Goal of the exercise. Below are some records; quote exactly the lines from the one that contains "51 Hot Pictures" through the one that contains "Image of VANS_SKATE", inclusive, and no others.

Material for the task.

□ □ □ □ □ □ □

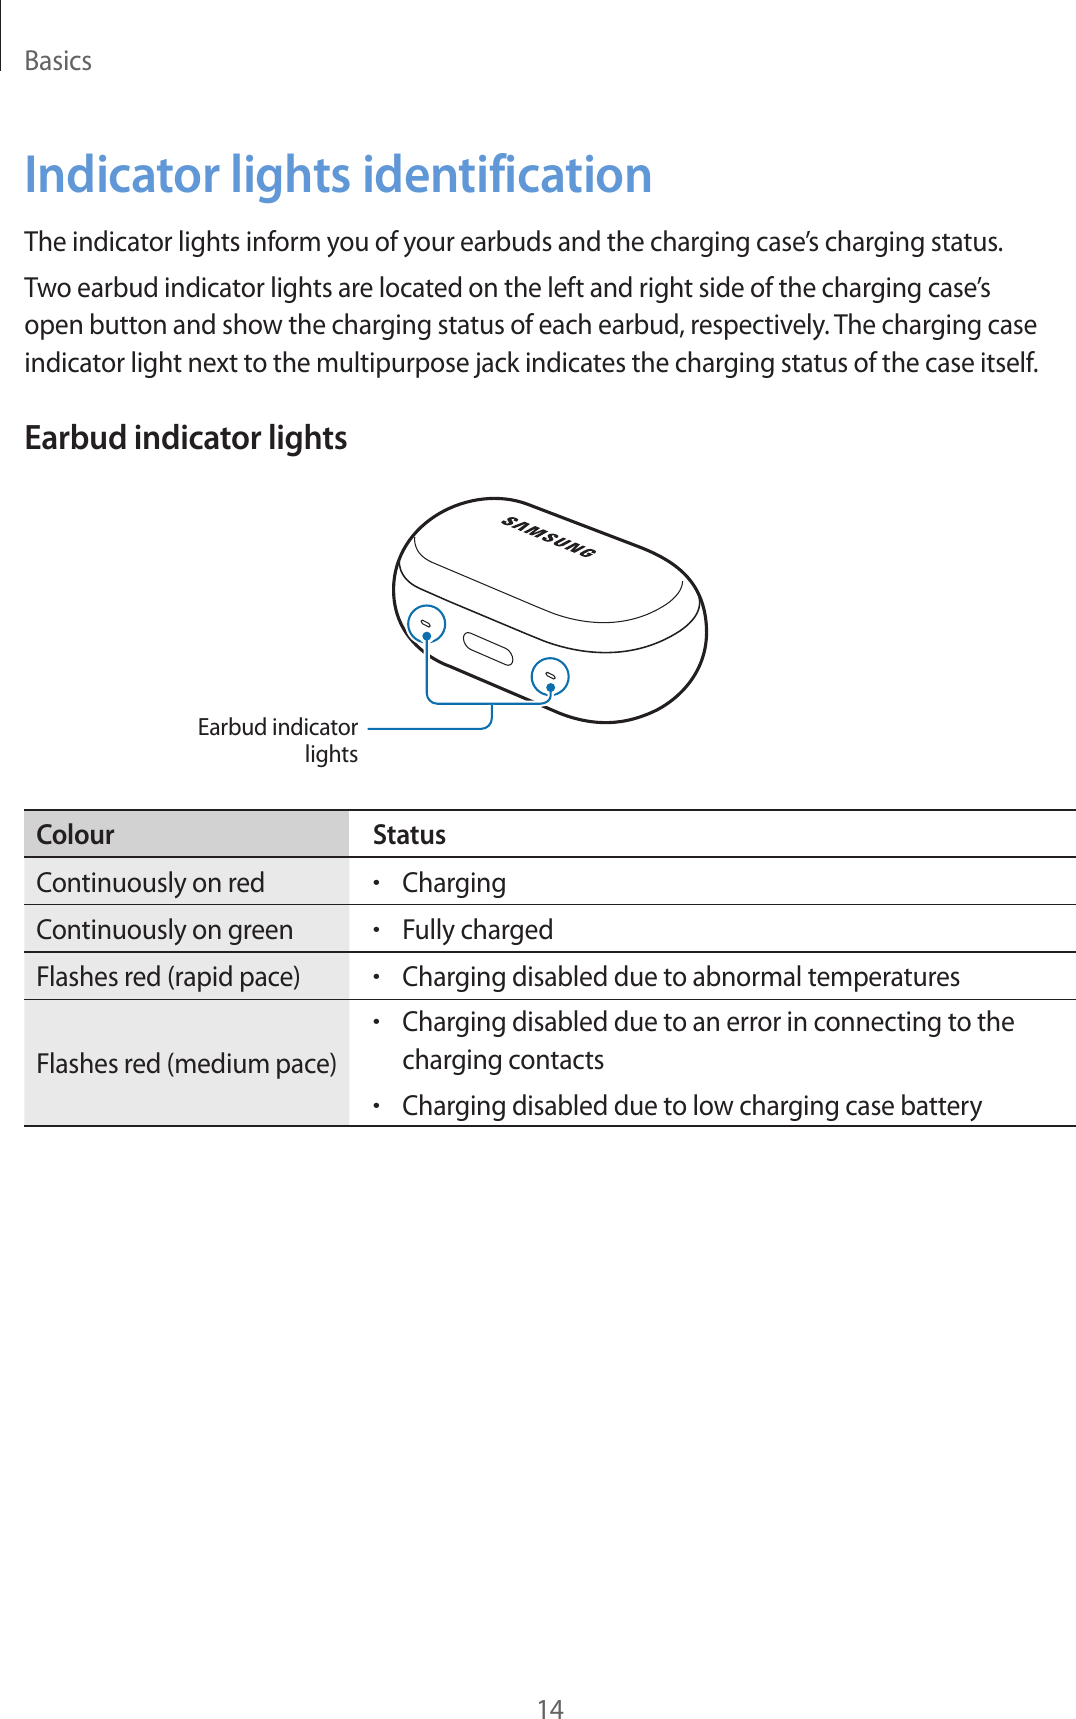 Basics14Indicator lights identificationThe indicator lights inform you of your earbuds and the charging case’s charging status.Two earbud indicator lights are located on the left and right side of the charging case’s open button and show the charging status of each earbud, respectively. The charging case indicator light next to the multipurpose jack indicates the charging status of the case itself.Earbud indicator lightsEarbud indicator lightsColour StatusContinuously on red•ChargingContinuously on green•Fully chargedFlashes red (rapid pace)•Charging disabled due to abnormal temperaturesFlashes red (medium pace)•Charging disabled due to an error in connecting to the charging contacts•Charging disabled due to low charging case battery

□ □ □ □ □ □ □

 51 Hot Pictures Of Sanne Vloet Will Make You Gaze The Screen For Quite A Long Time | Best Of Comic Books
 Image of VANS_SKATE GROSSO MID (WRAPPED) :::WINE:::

□ □ □ □ □ □ □

Written answer.
 51 Hot Pictures Of Sanne Vloet Will Make You Gaze The Screen For Quite A Long Time | Best Of Comic Books
 Image of VANS_SKATE GROSSO MID (WRAPPED) :::WINE:::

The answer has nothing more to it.